Inside sport: Zimbabwean sport heading nowhere

What has happened to those days when Zimbabwe was a strong and regular competitor not only in regional competitions but also at the Olympic Games and the World Championships.


WATCHING the World Indoor Athletics Championships, which were in Belgrade and the Rome and Paris Marathons and realising that there was not even a single Zimbabwean on parade was saddening to say the least.

It was painful to see such countries as Eretria, Burundi, Botswana, Namibia, and Seychelles, represented at these prestigious world events while Zimbabwe was not.

What has happened to those days when the likes of Philemon Hanneck, Melford Homela, and Ndabezinhle Mdlongwa, made the whole world sit up and take notice.

Those days when the likes of Ngonidzashe Makusha could go as far as fourth in the long jump at the Olympic Games before losing out of a medal by just a centimetre.

What has happened to those days when Zimbabwe was a strong and regular competitor not only in regional competitions but also at the Olympic Games and the World Championships.

What is ironic is that those athletes and countries who did well at the 2020 Olympic Games in Japan are the ones preparing fully for the 2024 Olympic Games when those from Zimbabwe are watching from a distance.

Zimbabwe failed to win a medal at both the 2016 and 2020 Olympic Games, but still seems to have no clue as to where to start from ahead of the Games in Paris in two years’ time.

Week in and week out we also see athletes from South Africa, Ivory Coast, Nigeria, Ethiopia, Botswana, Kenya and Morocco in action in the Diamond League, but not a single Zimbabwean.

The world championships, the Diamond League, and the marathon calendar, are the build up to the Olympic Games and Zimbabwe cannot expect medals from the Olympics when its athletes are not participating regularly in these competitions.

There are two possible reasons why Zimbabweans are not appearing on this international athletics schedule. It’s either they do not meet the qualifying standards for the competitions or that they do not have the financial resources to take part in these contests.

The latter seems to make sense as the country has too many talented athletes, but what they seem to be lacking is the finances for them to compete at a global scale in view of the harsh economic climate in the country.

Surely, one cannot expect Zimbabwean athletes to get that much needed international experience or to judge their ability when they are always competing amongst themselves.

This is where the Zimbabwe Olympic Committee and the government through the Sports and Recreation Commission should come in.

What probably is required right now is for the ZOC to come up with a list of potential 2024 Olympic Games representatives for the SRC to dish out funds to enable them to take part regularly in international competitions.

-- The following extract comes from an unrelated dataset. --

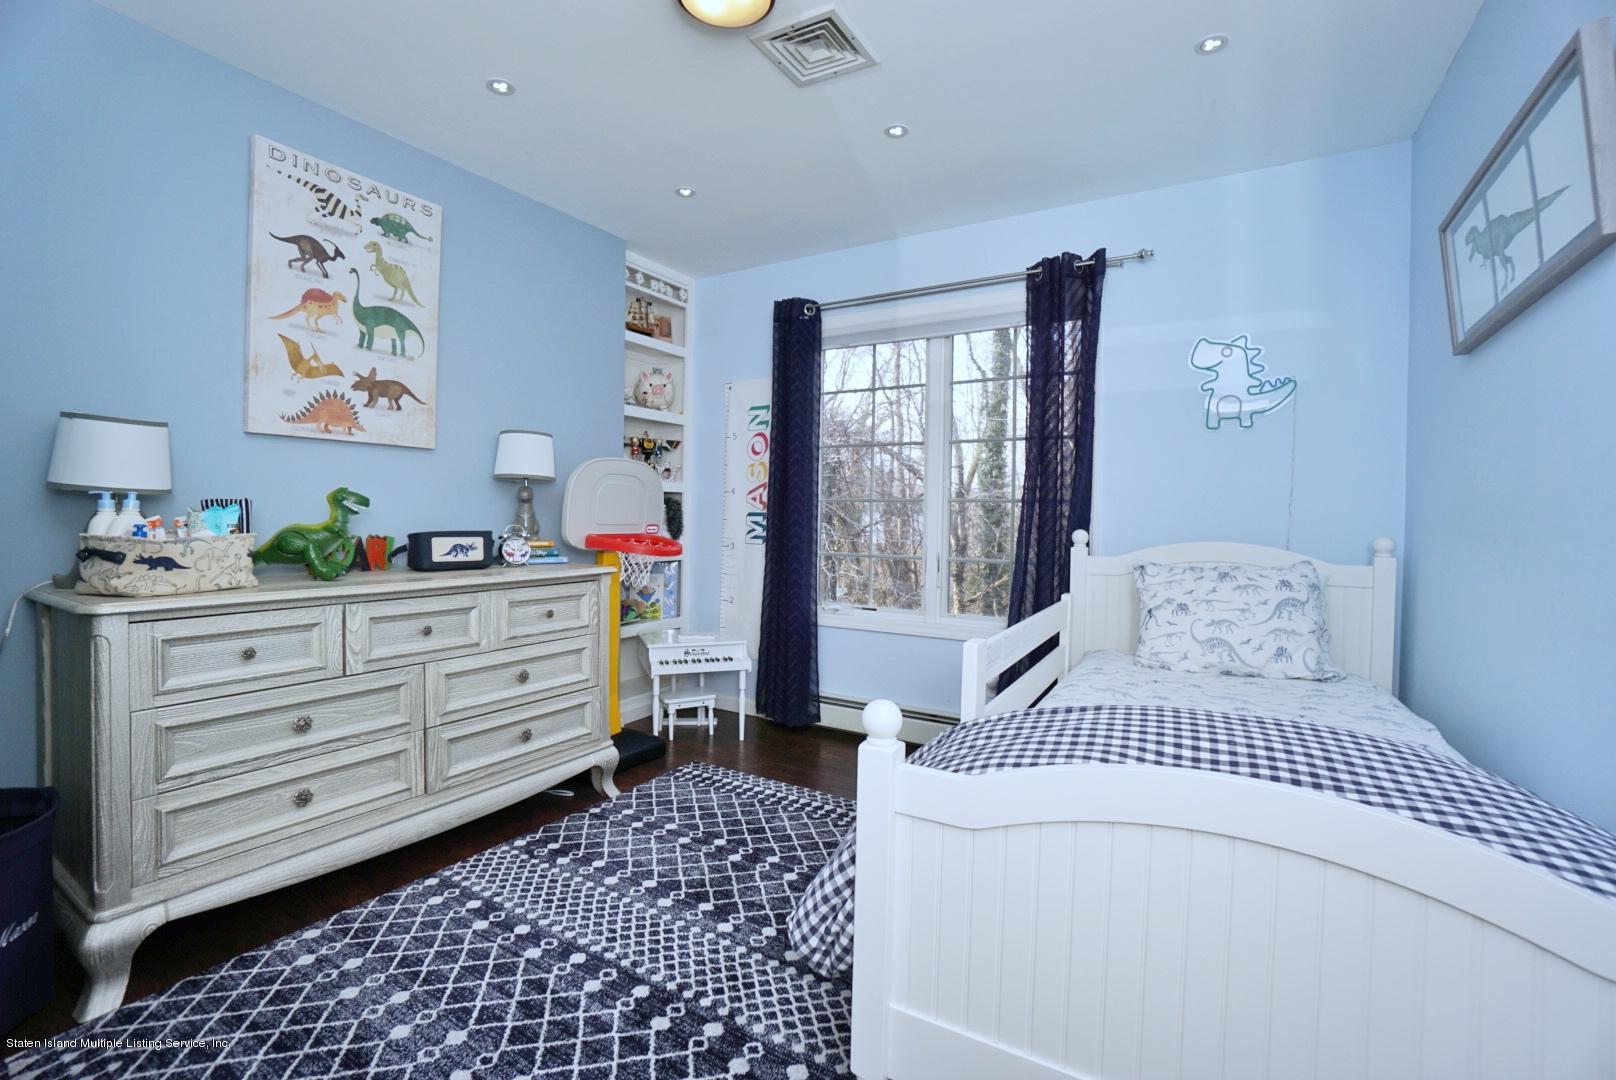 Two Family - Detached 70 Poillon Avenue  Staten Island, NY 10312, MLS-1135570-29
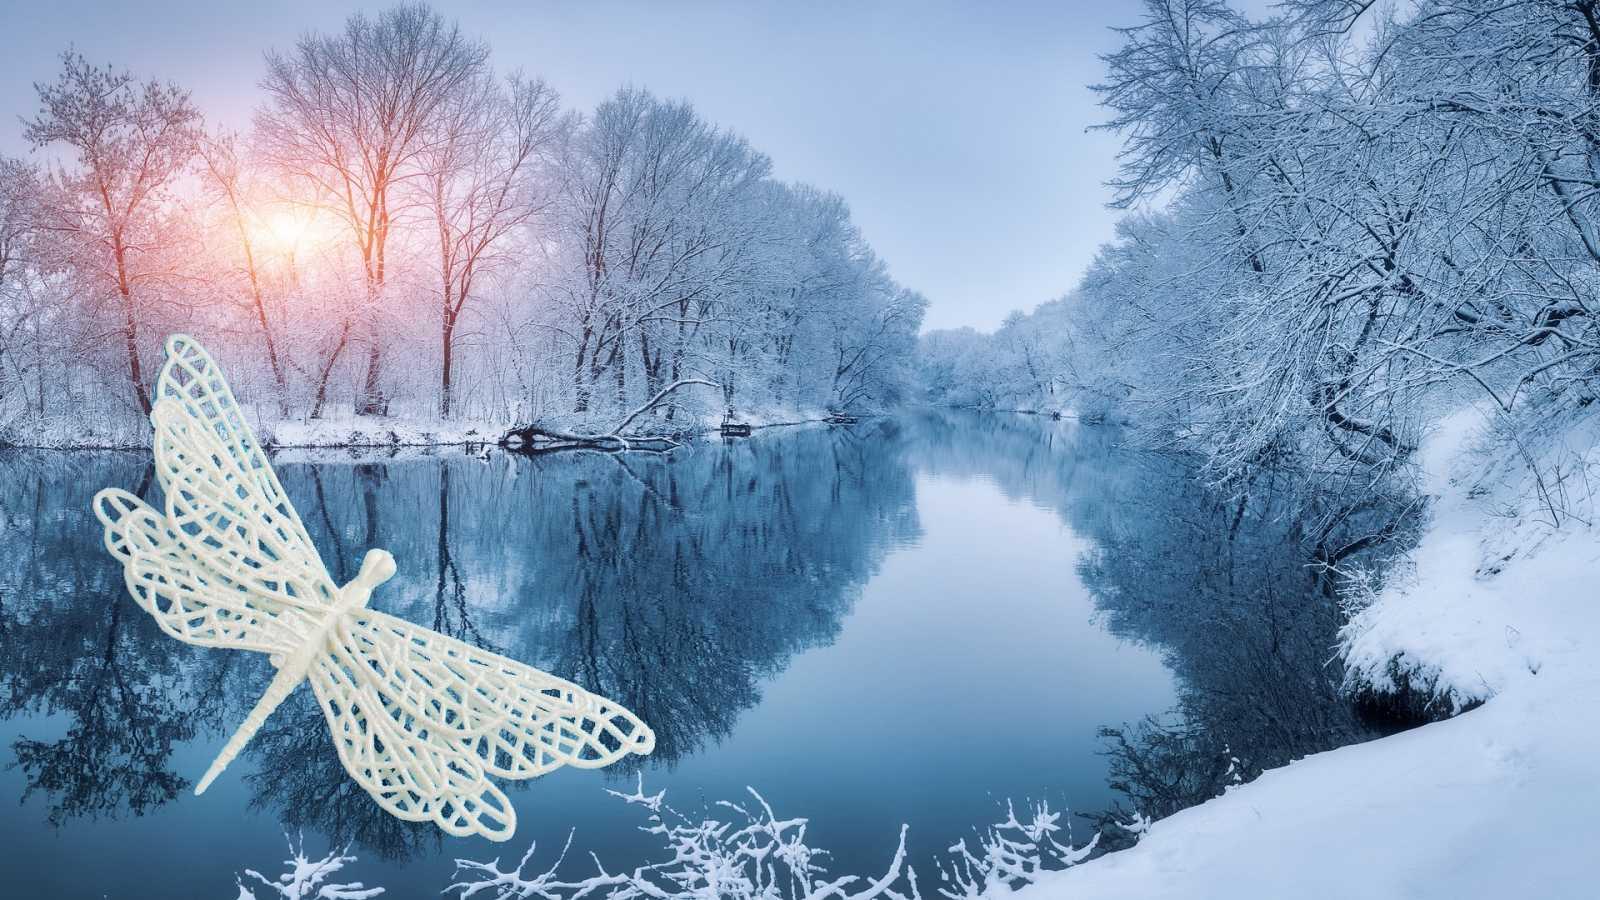 La LiBéLuLa - Nieve, nieve, nieve... - 13/01/21 - escuchar ahora

In fact, the SRC should consider setting up a sports fund to support athletes like Donata Katai and Peter Wetzlar who showed from the 2020 Olympics that they have the potential to win medals in future.

Namibia has such a fund and right now they are reaping the fruits of one of their investments in young Christine Mboma, who took a 200 metre sprint silver medal at the Tokyo Games.

The Zimbabwean government has always admitted that it is not doing enough for sport, but that has only ended in that admission but not a change of attitude.

There are sectors who are receiving too much money from government coffers while sport continues to be neglected yet good results are still expected from those cash-deprived national teams.

It would have been expected for Zimbabwe to change its attitude on sport after the huge contingent of government officials that went to the Tokyo 2020 Olympic Games but that was not to be.

In fact, the Tokyo Olympic Games group of government officials are still to justify why they went to the Games in the first place, as their end of Olympic Games report is still pending nine months later.

The government sent the minister of sport, Kirsty Coventry, SRC chairman Gerald Mhlotswa, chairman of the parliamentary portfolio committee on sport, Matthias Tongofa, and the minister’s PA Tariro Kadzirange.

All in all, Zimbabwe sent a group of 13 officials including four from the Zimbabwe Olympic Committee against a team of only five athletes.

The point here is that our athletes will continue to be the punching bags or the fall guys of the international scene as long as the government continues to ignore sport’s demands.

Surely, it is time that the political leaders took sport seriously and for that matter, as an industry, and not entertainment or a luxury as is the case right now.

At things stand – it seems – Zimbabwean sport is heading nowhere.